На бульваре еще лежал снег, но на асфальте, на тротуарах он давно растаял, потому что с самого утра грелись они на солнце и теперь прямо-таки дышали каменным своим теплом, как и первые этажи домов, хотя чуть выше стены их казались сырыми, а с крыш местами свисали сосульки. Быть может, оттого что мальчик сам был совсем маленький, казалось ему, будто главная жизнь проходит неопределимо близко от него – даже птицы. Ведь странно: стоило подняться к крышам, как щебет всех этих быстрых и радостных почти исчезал, и слышно было только воркование жирных, неповоротливых голубей да редкие вскрики автомобильных сирен. Но нет, и сейчас, через годы я хорошо помню, как понизу от городского камня шел ток горячего воздуха, словно в дверях магазина, и все было полно торжествующими хищными, прямо-таки цветными звуками: шуршанием шин мальчишечьего велосипеда, цоканьем искрящейся на солнце капели, почти бесшумной повадкой кошек у подвальных оконец и каким-то особым гудением разбухающих соками деревьев – так фыркает и бьется водопровод, когда снова подают отключенную было воду.

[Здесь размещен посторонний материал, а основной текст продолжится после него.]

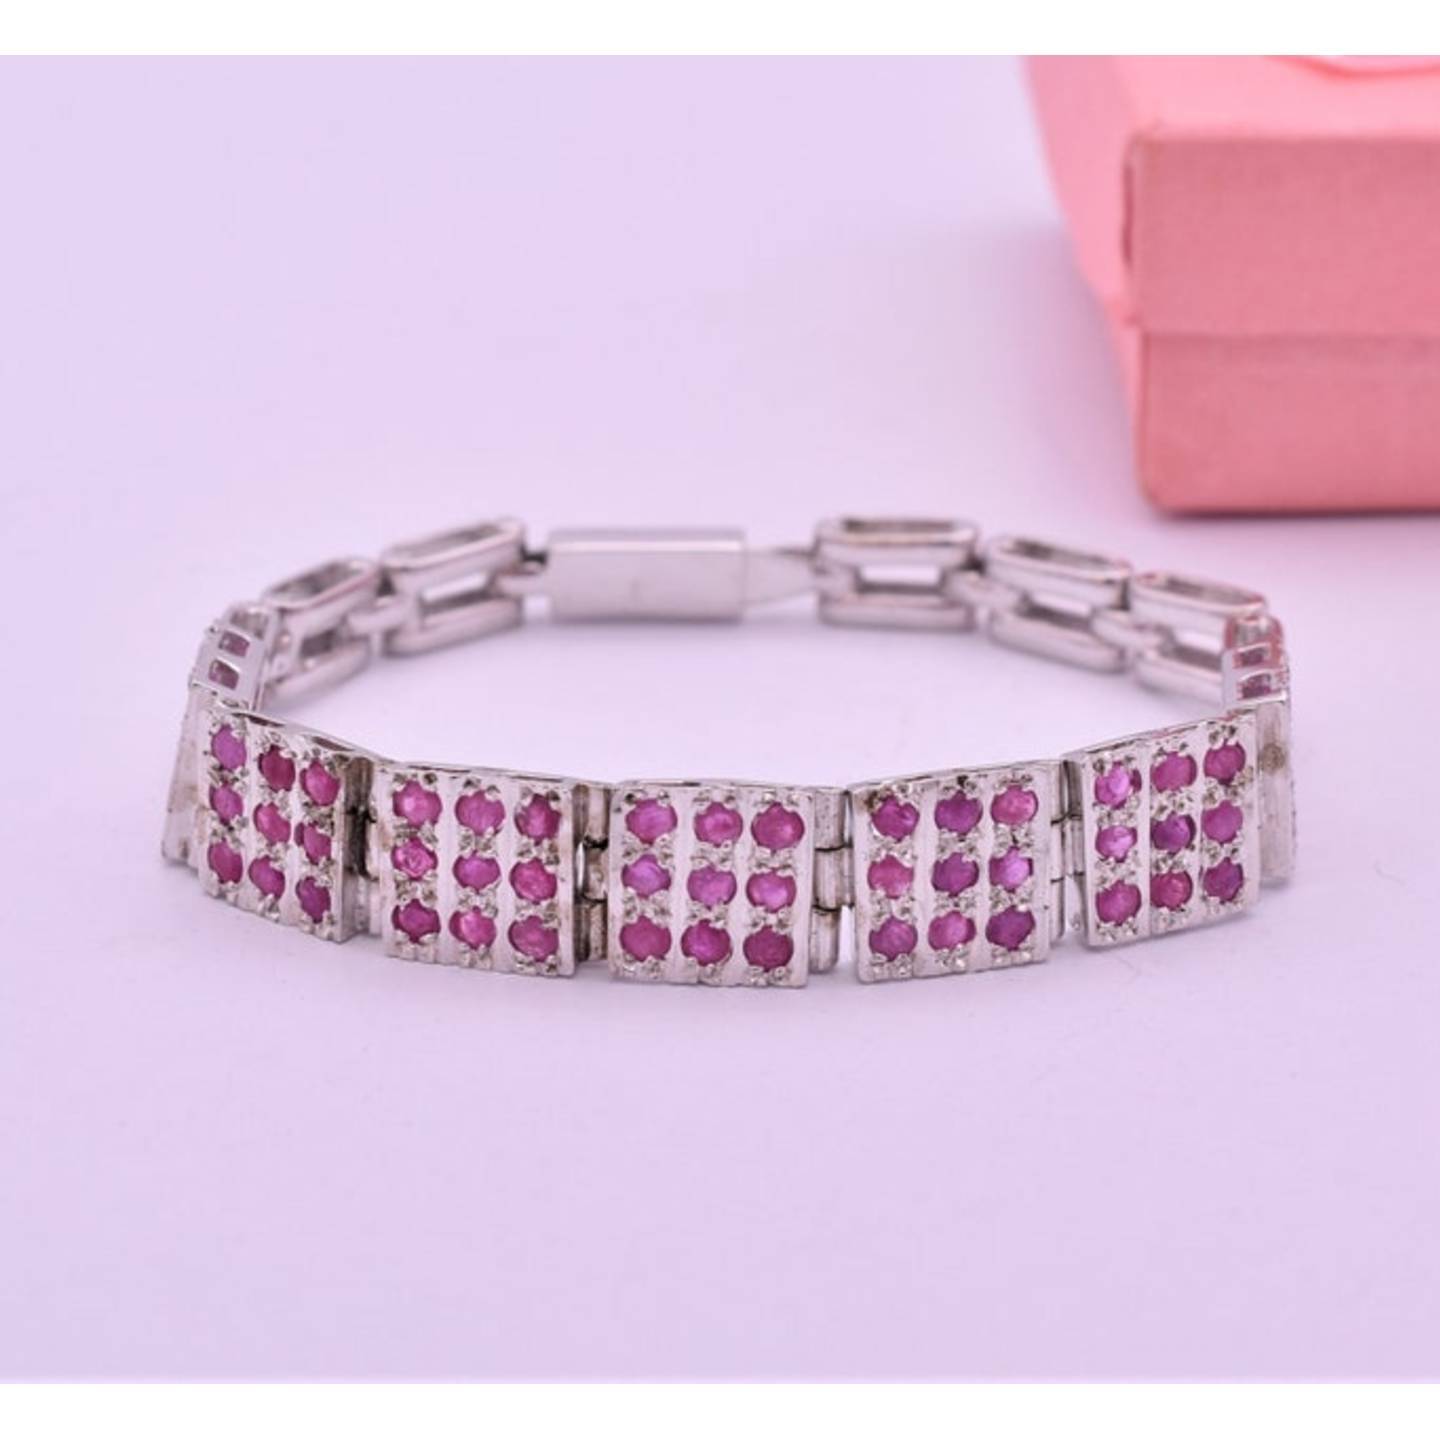 Stunning Natural Kashmir Ruby Gemstone Bracelet - Solid 925 Sterling Silver Bracelet - Length 7 Inches
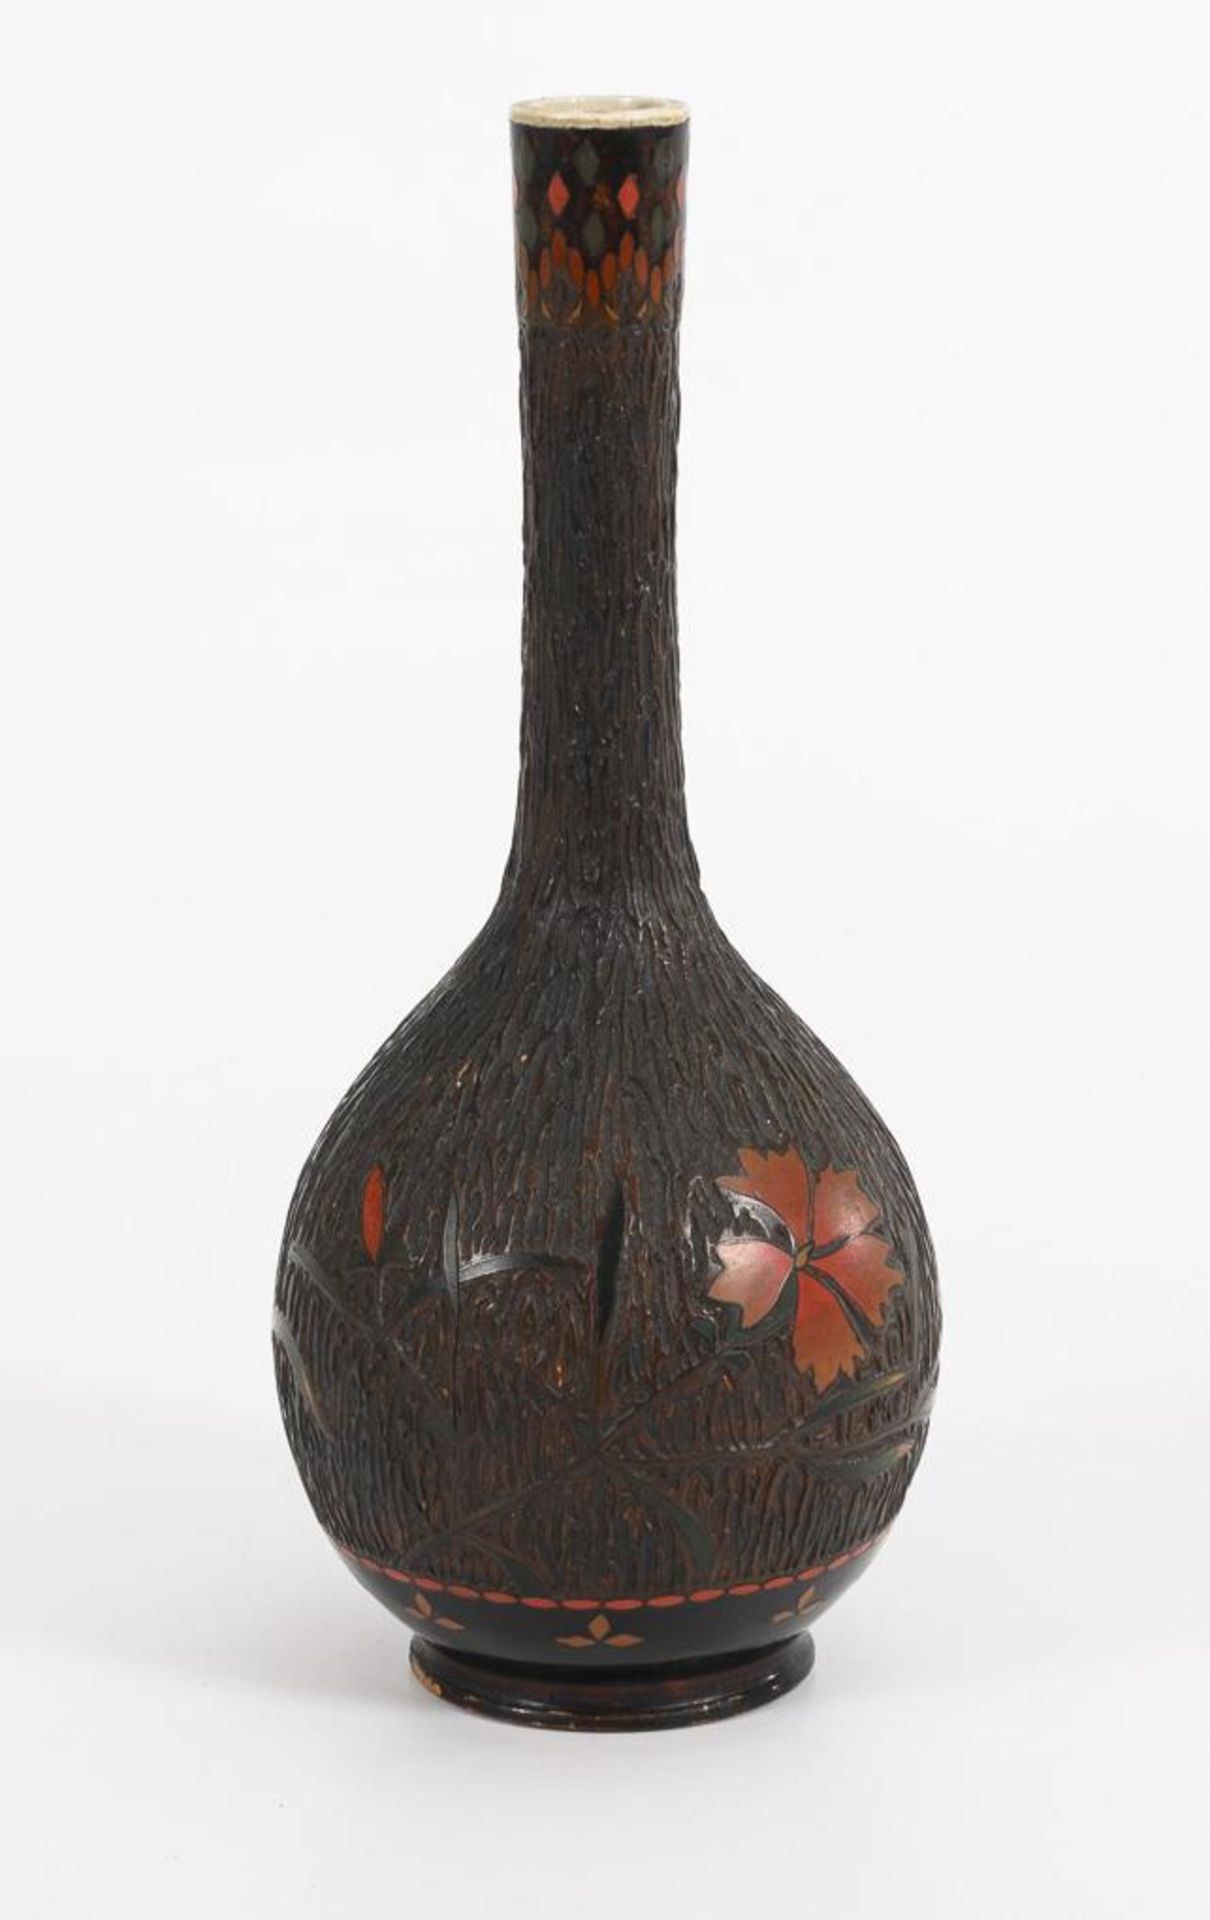 Ungewöhnliche Vase mit Vogeldekor. - Image 2 of 3

Я знаю, что несколько бессвязен, но как же иначе, если никак не понять: как называть мне, в каком грамматическом лице – да и времени! – того мальчика, который ведь никак не я, потому что не думал он и даже не предчувствовал того, чем живу я сейчас, и все-таки трудно мне говорить о нем «он». Да и так ли уж важно это разделение на «я» и «не-я», если толком неизвестно даже, о чем идет речь: о том, что было, или только что кажется? Пожалуй, порой я буду обращаться к нему на «ты»…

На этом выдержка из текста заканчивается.